## Task prompt:
Images don't belong in the copy. Output the rest of the data exactly.

## Supplied data:

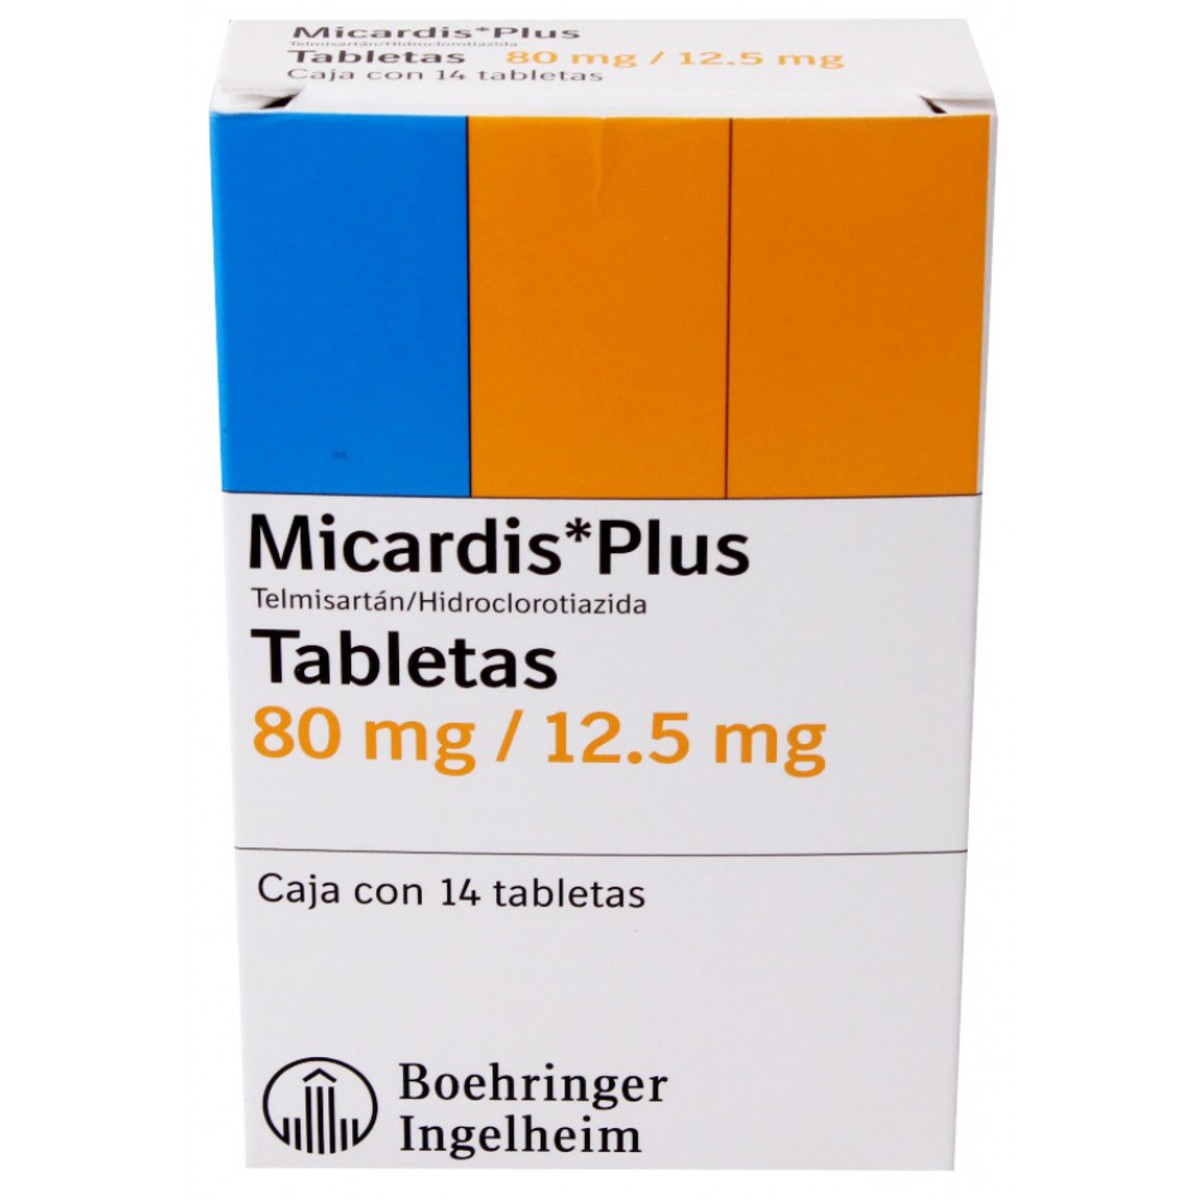 Micardis Plus:¿Qué Es Y Para Qué Sirve?
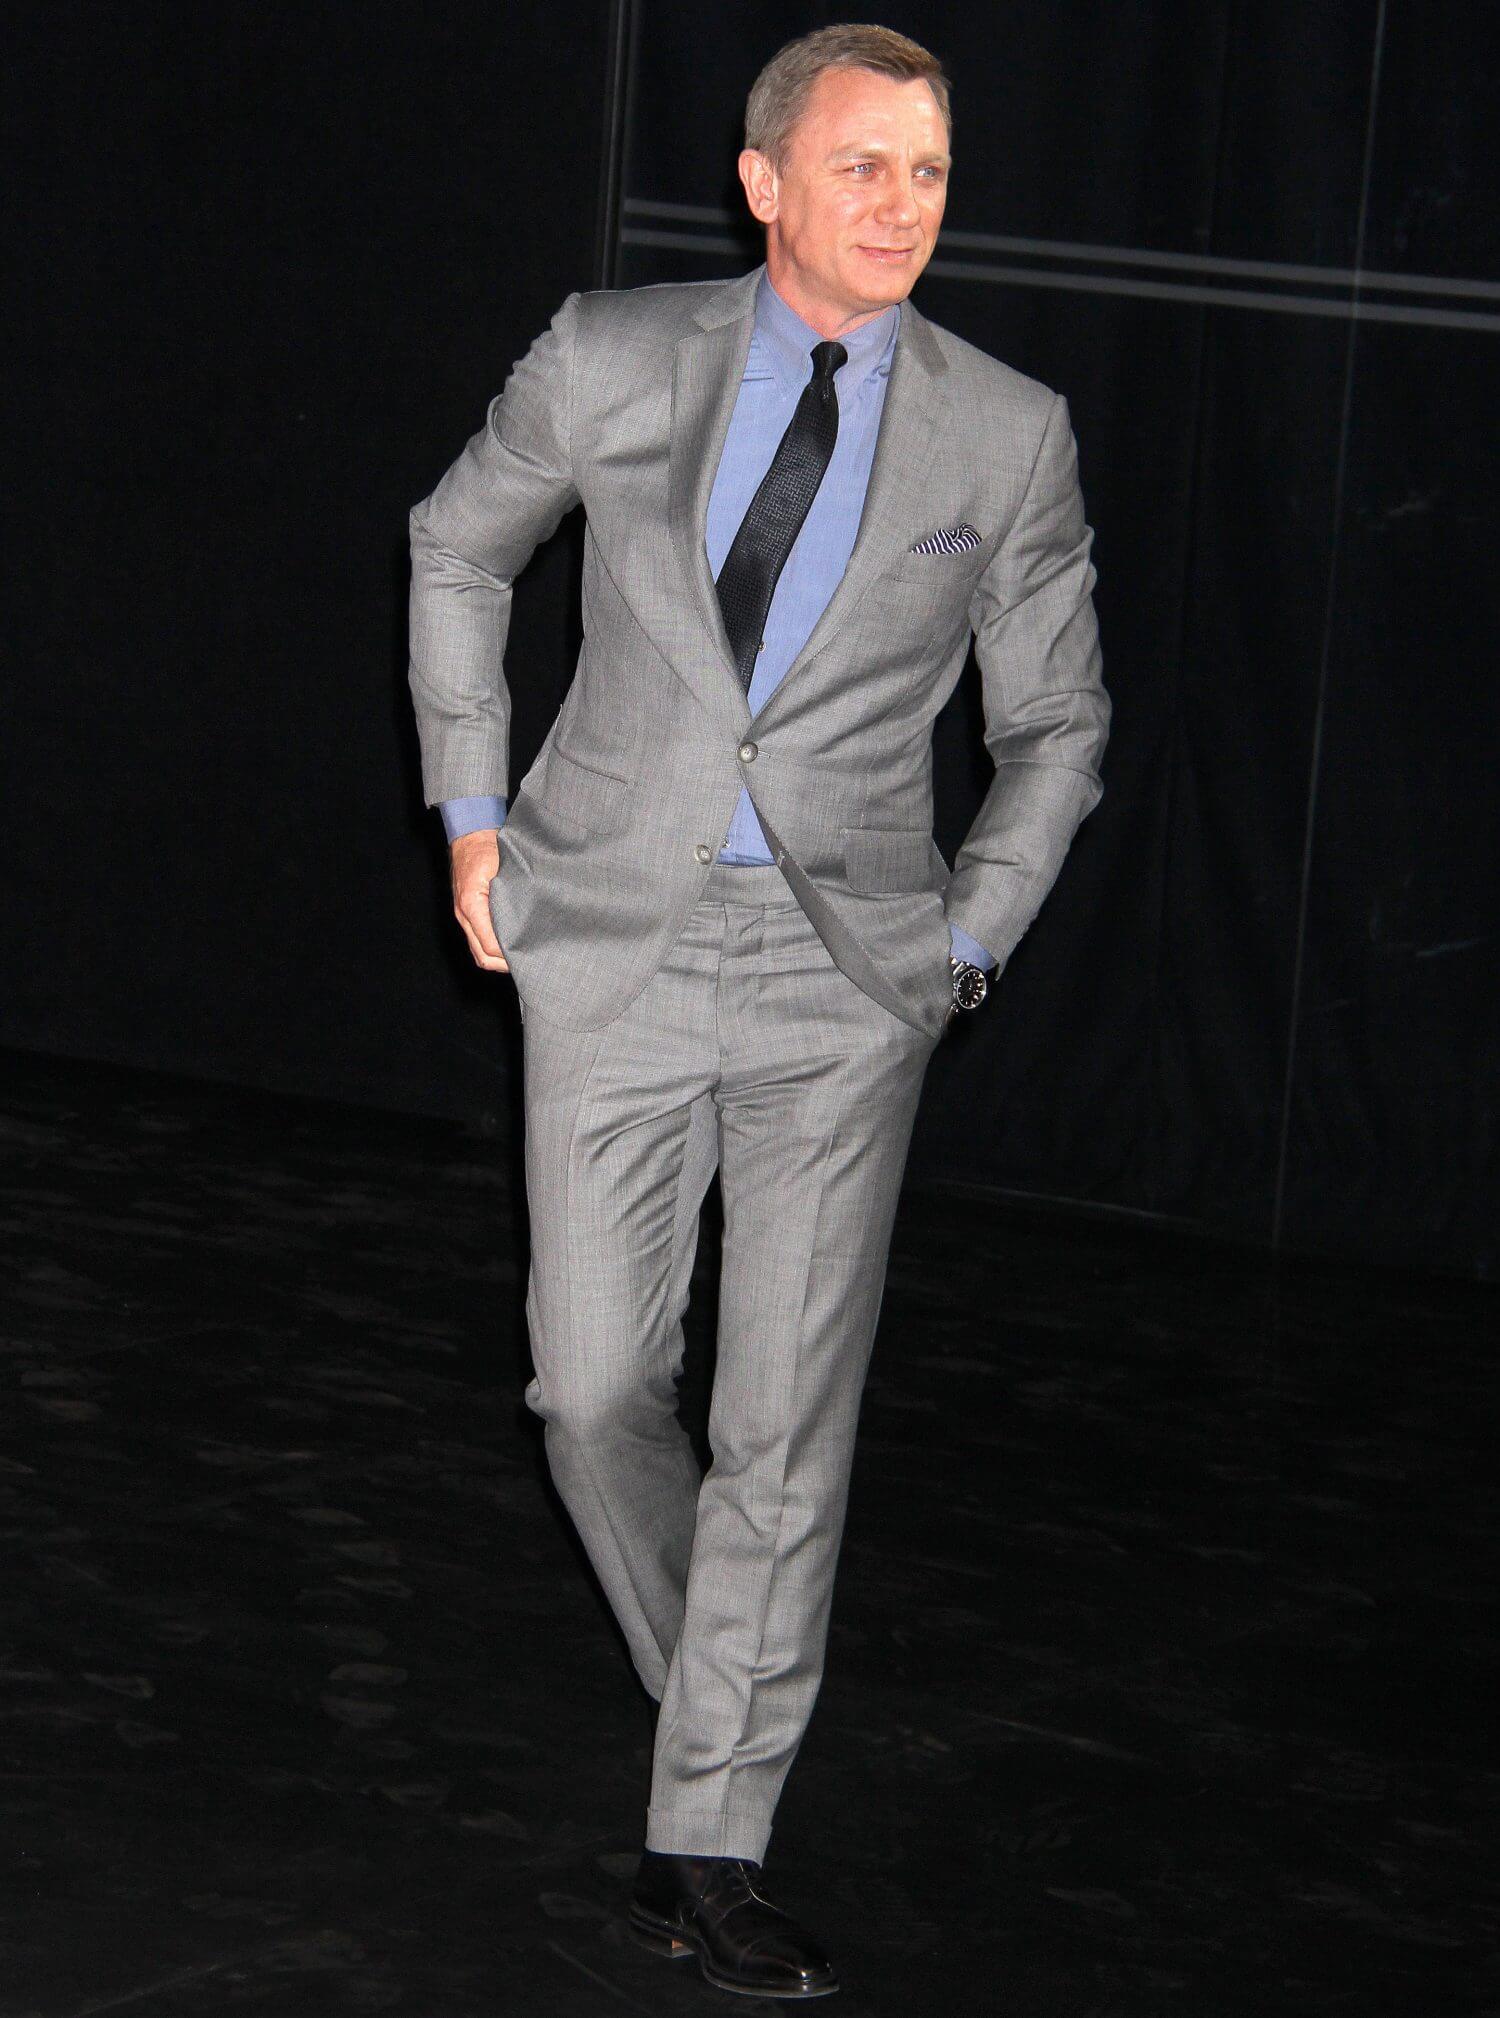 ダニエル クレイグのスーツスタイルの魅力を解剖 007 ジェームズ ボンド メンズファッションメディア Otokomae 男前研究所
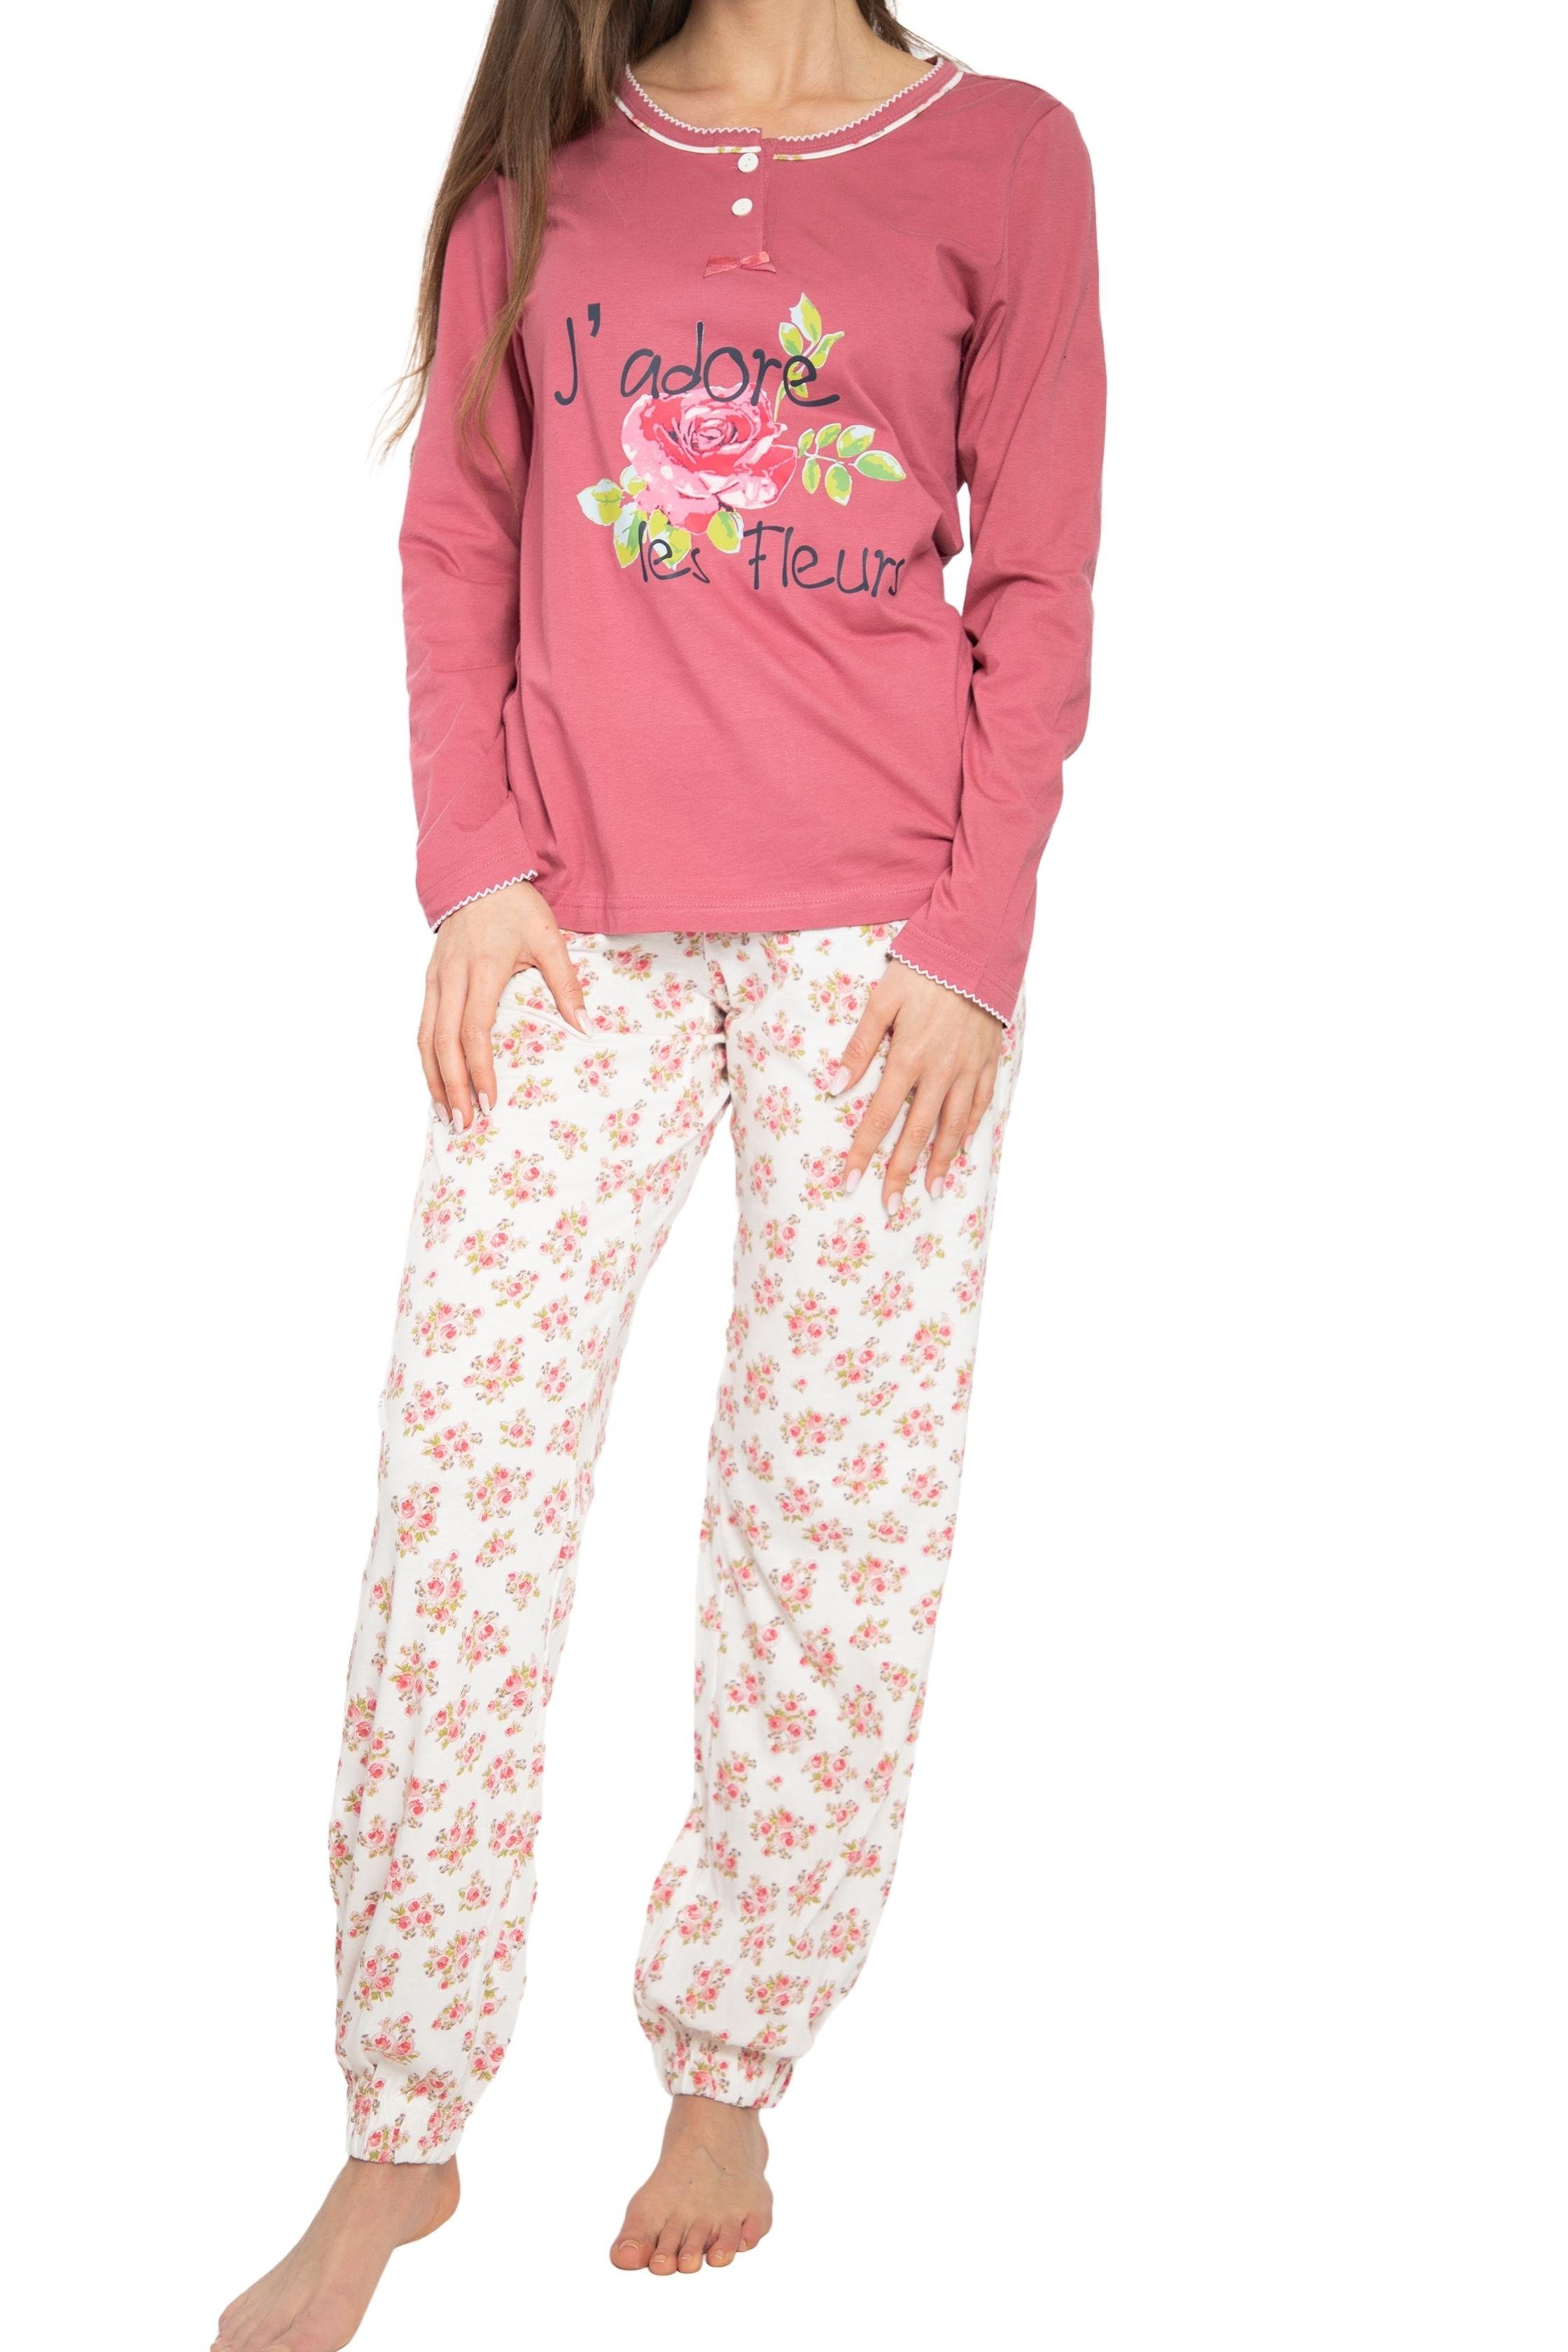 und Pyjama Consult-Tex Damen Schlafanzug Pyjama Ziernähten DW901 Paspelierungen (Spar-Set) mit

## Output for this task:
 Micardis Plus:¿Qué Es Y Para Qué Sirve?
 ダニエル クレイグのスーツスタイルの魅力を解剖 007 ジェームズ ボンド メンズファッションメディア Otokomae 男前研究所
 und Pyjama Consult-Tex Damen Schlafanzug Pyjama Ziernähten DW901 Paspelierungen (Spar-Set) mit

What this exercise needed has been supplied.